Once you reach the line that holds "Milestone Church Springtime" in the listing below, output it and every line after it through the line that holds "Avikalp Exclusive Awi3140", word for word.

Task inputs:

_ _ _ _

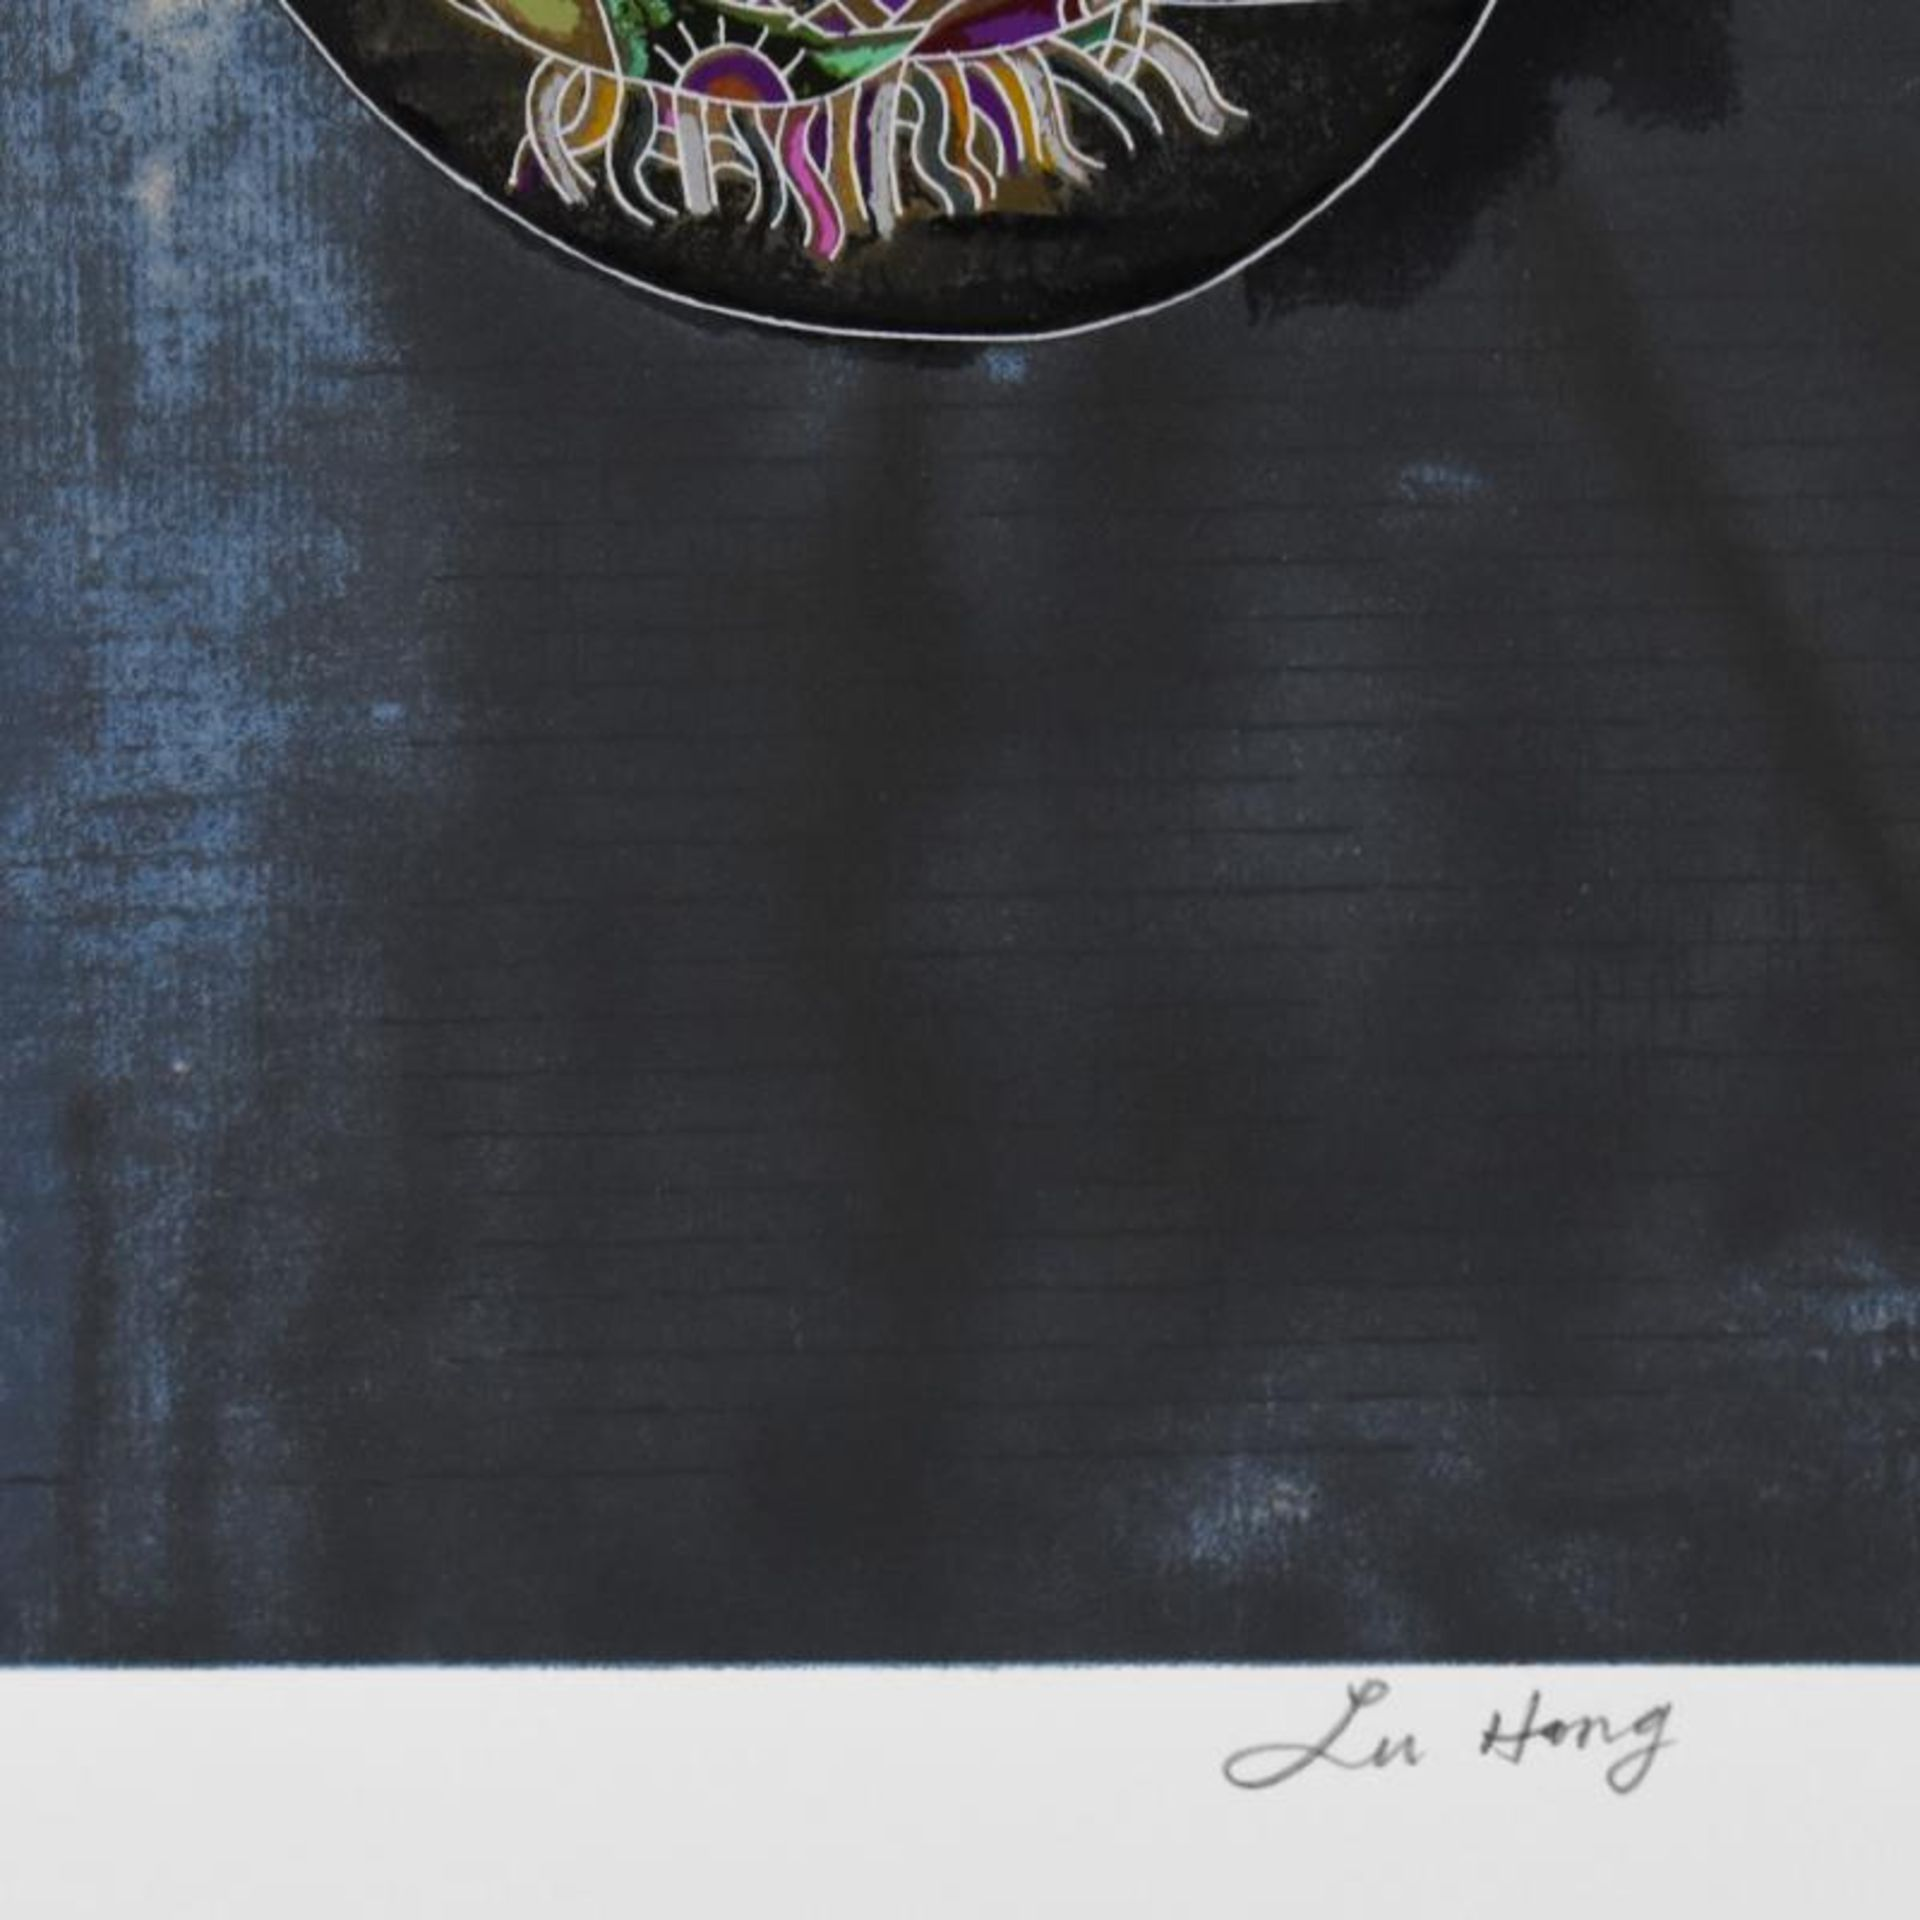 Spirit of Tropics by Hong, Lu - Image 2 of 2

_ _ _ _

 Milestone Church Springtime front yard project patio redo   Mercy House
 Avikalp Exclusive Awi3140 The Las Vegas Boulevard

_ _ _ _

Answer below:
 Milestone Church Springtime front yard project patio redo   Mercy House
 Avikalp Exclusive Awi3140 The Las Vegas Boulevard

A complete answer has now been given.